=== Begin Enclosure ===
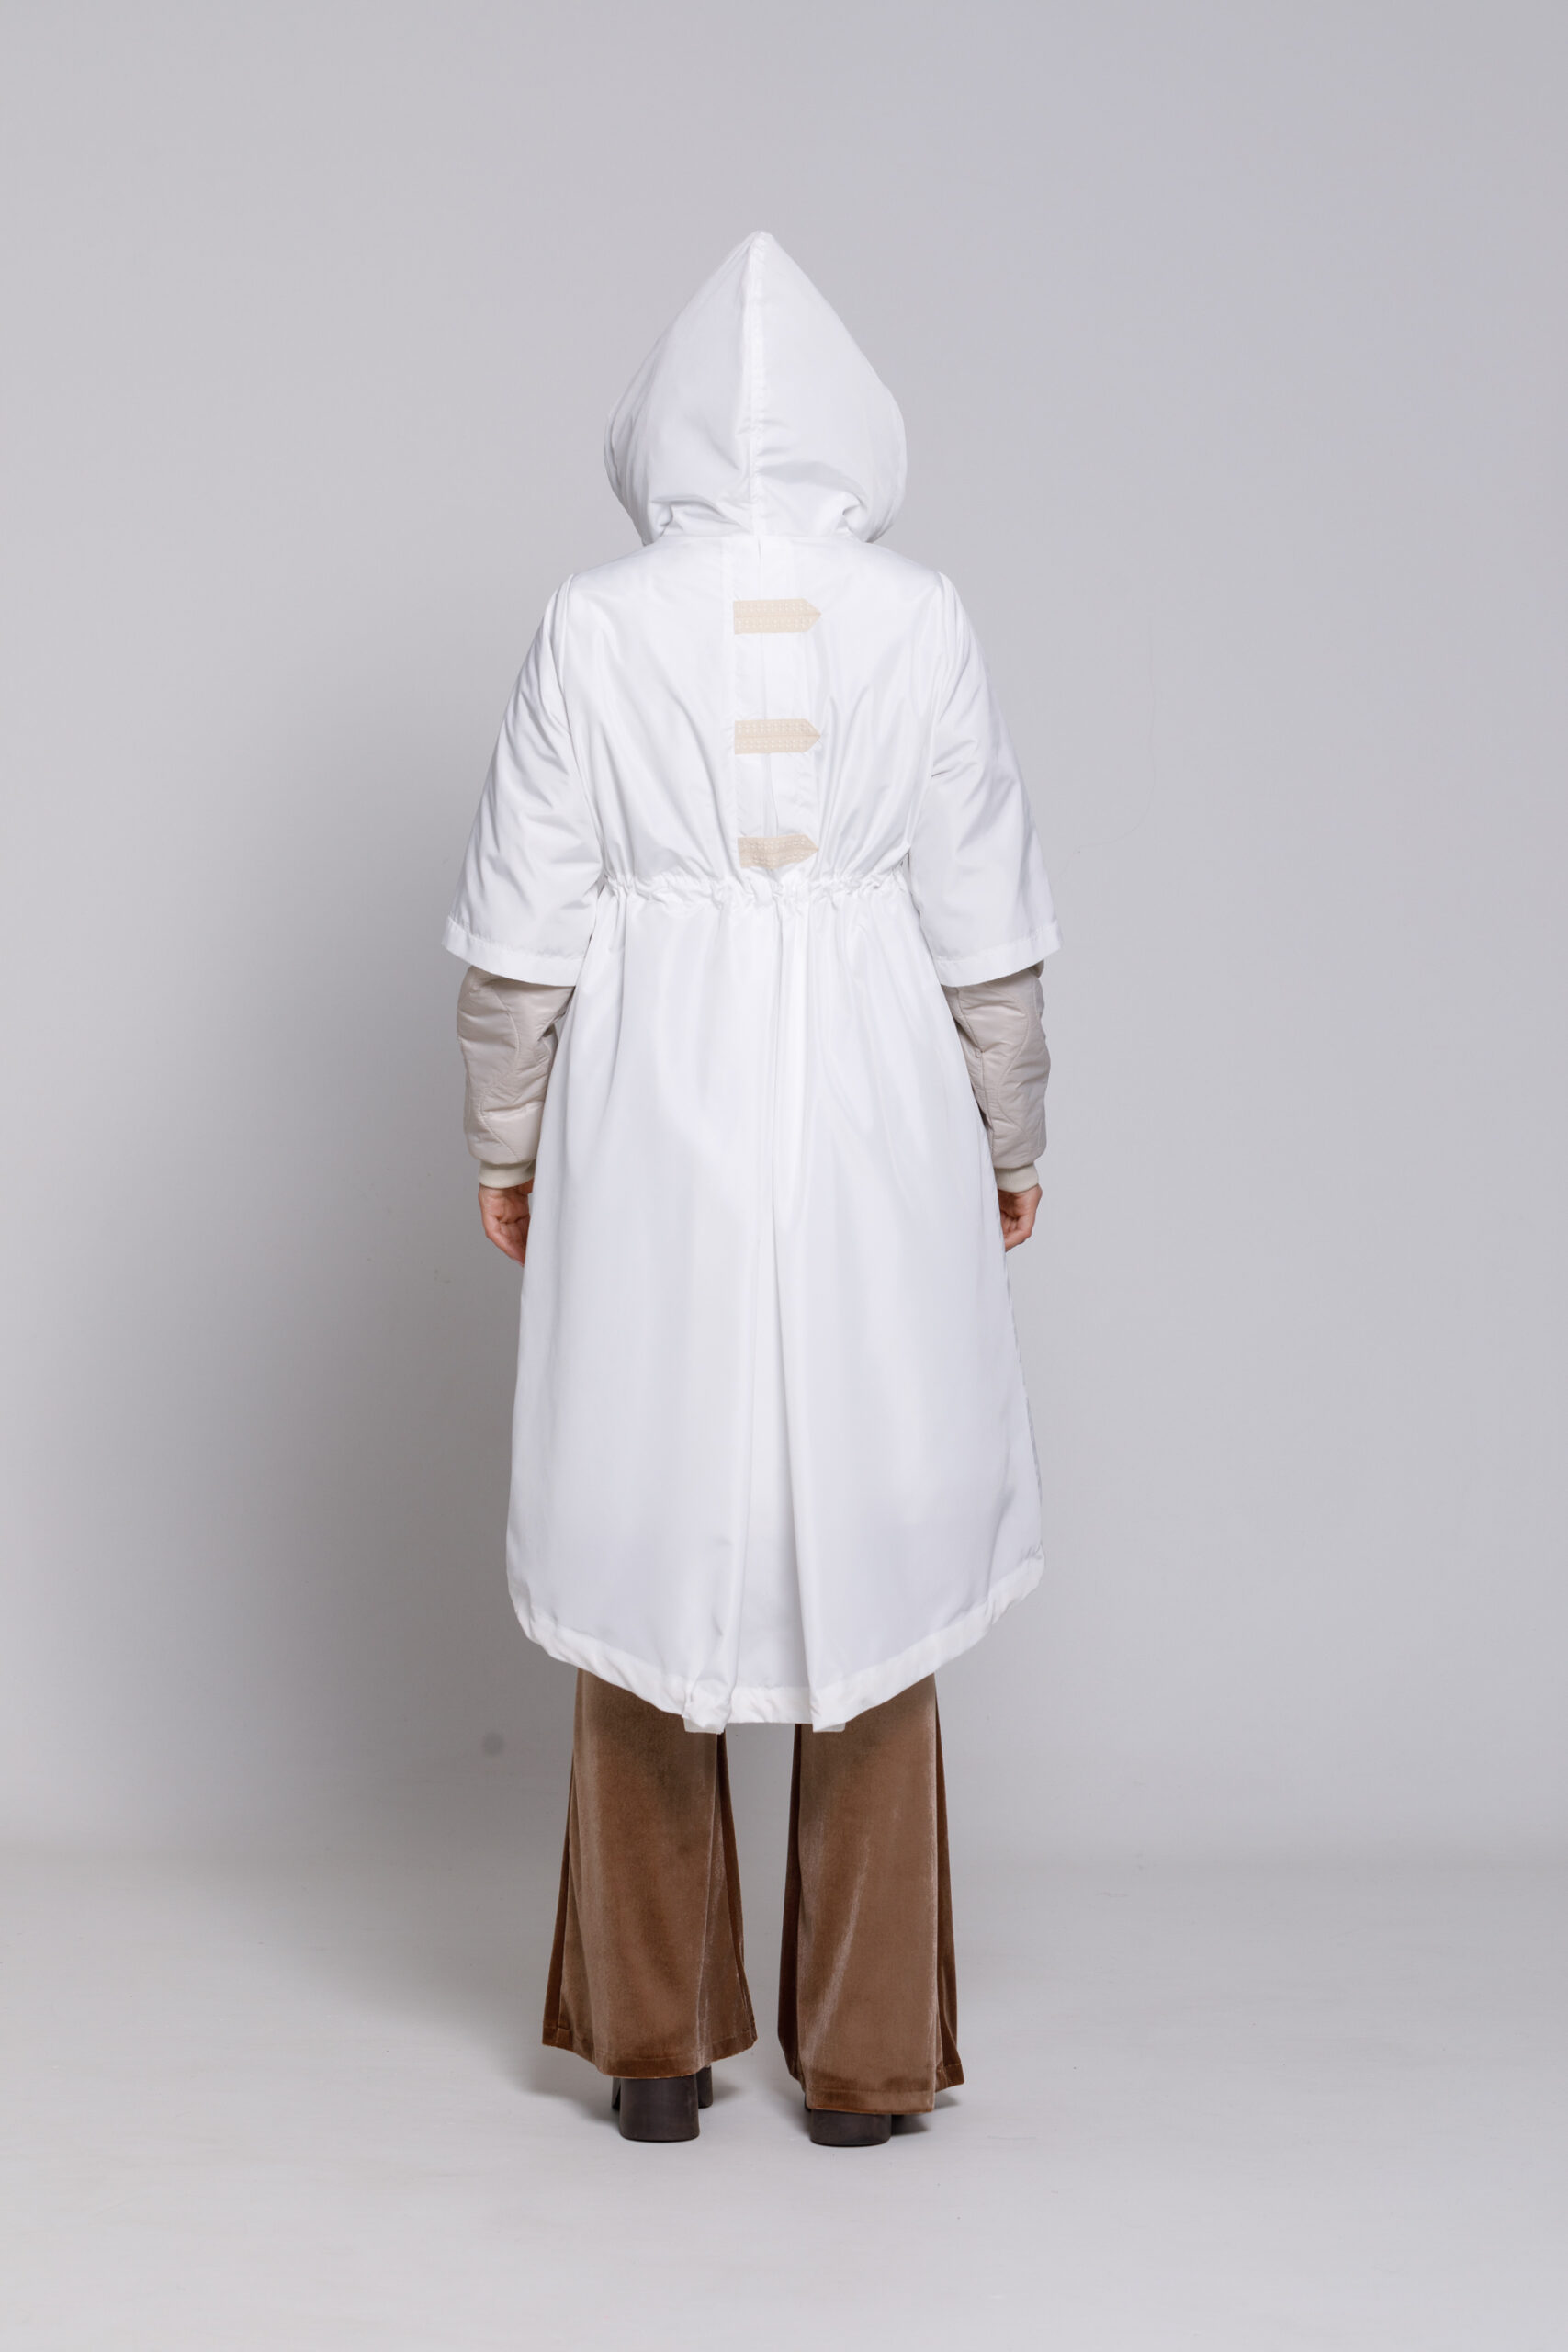 Jacheta ZURY alba din matlasat. Materiale naturale, design unicat, cu broderie si aplicatii handmade
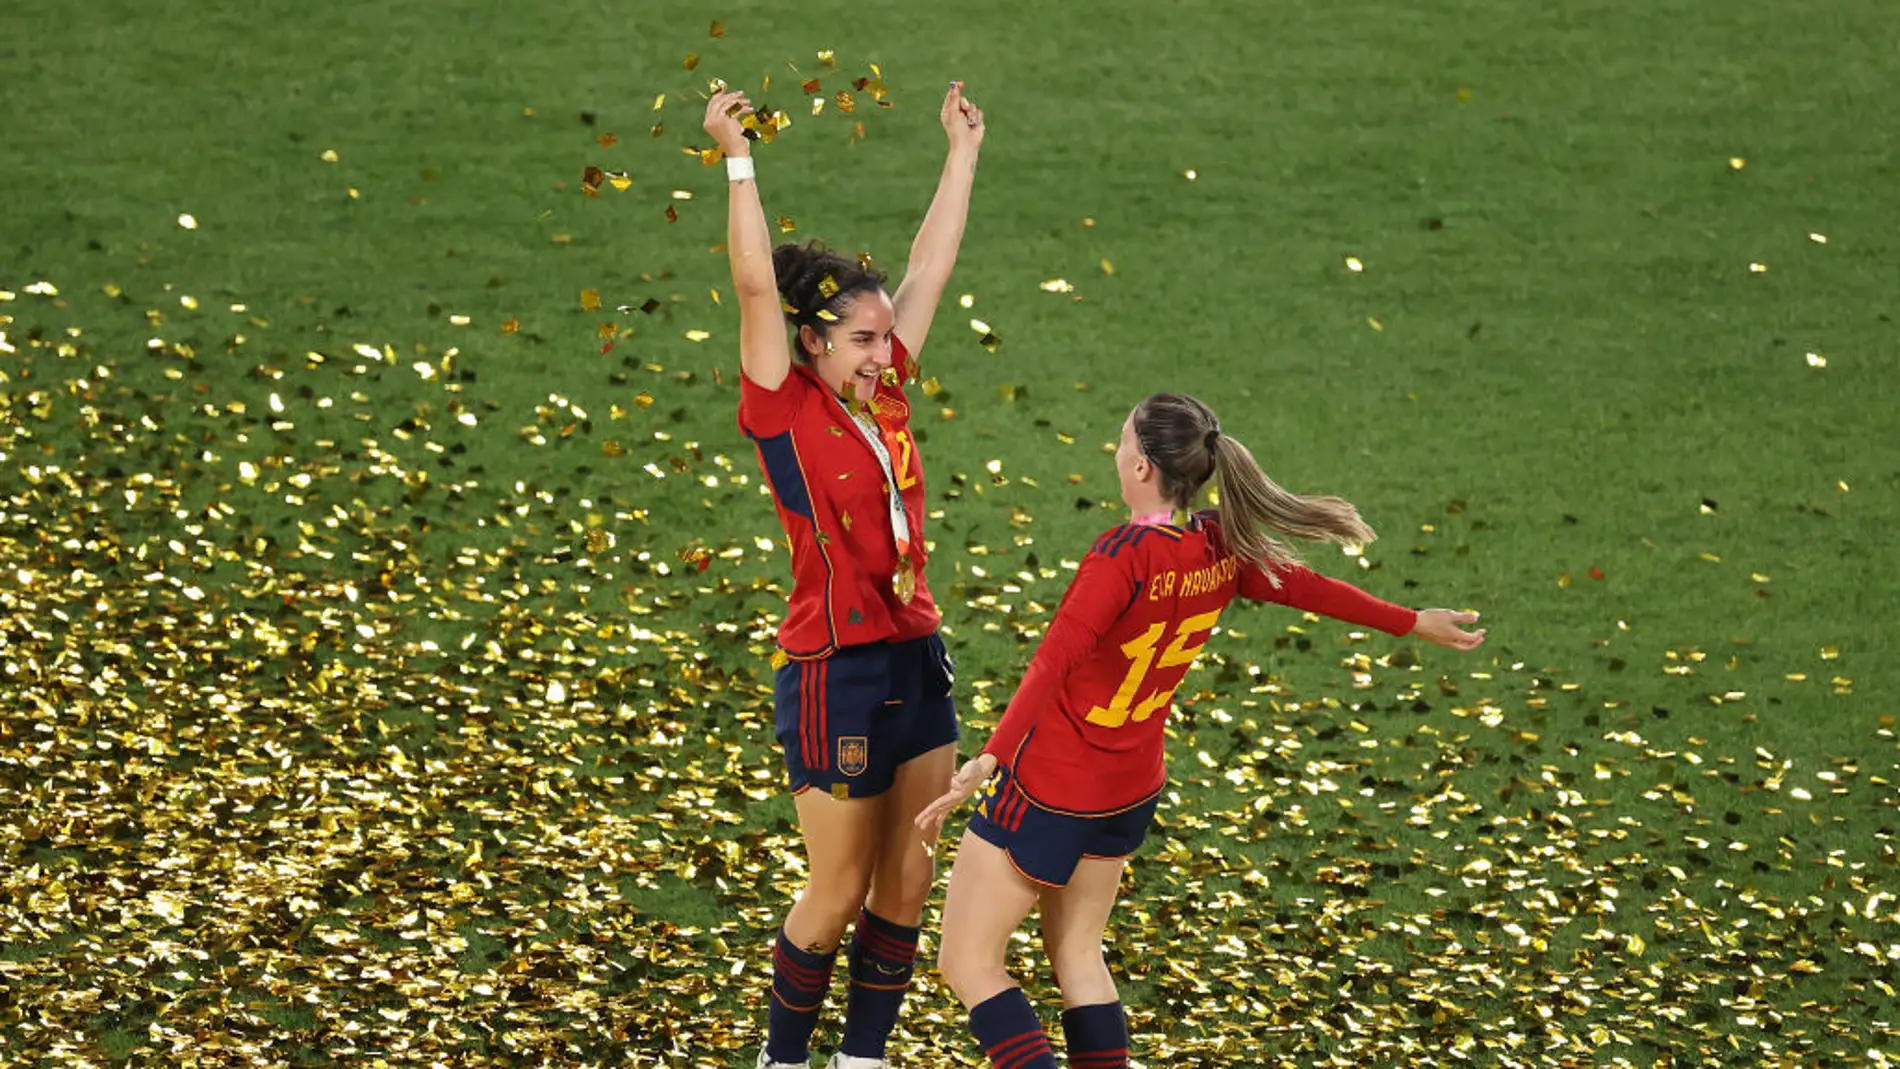 Políticos e instituciones celebran el triunfo de España en el Mundial de fútbol femenino: "Sois muy grandes"
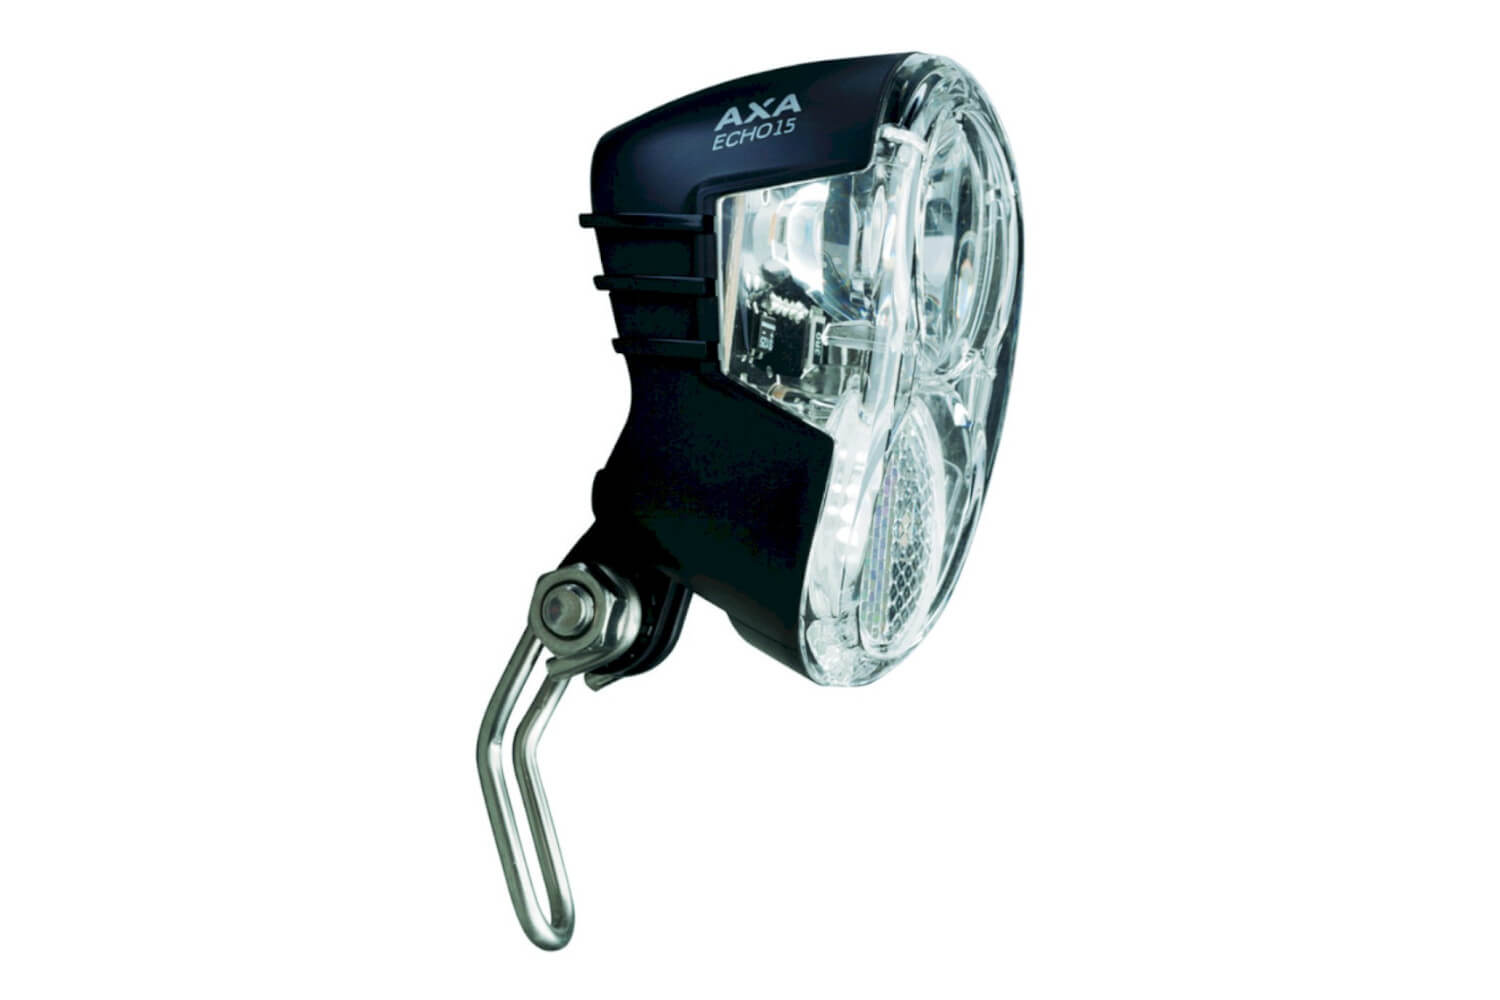 AXA Scheinwerfer LED 15 LUX von AXA
=== End Enclosure ===
■ WORK INSTRUCTIONS
Without the pictures, output the full listing exactly as it stands.

■ SOLUTION BELOW
 Jacheta ZURY alba din matlasat. Materiale naturale, design unicat, cu broderie si aplicatii handmade
 Políticos e instituciones celebran el triunfo de España en el Mundial de fútbol femenino: "Sois muy grandes"
 AXA Scheinwerfer LED 15 LUX von AXA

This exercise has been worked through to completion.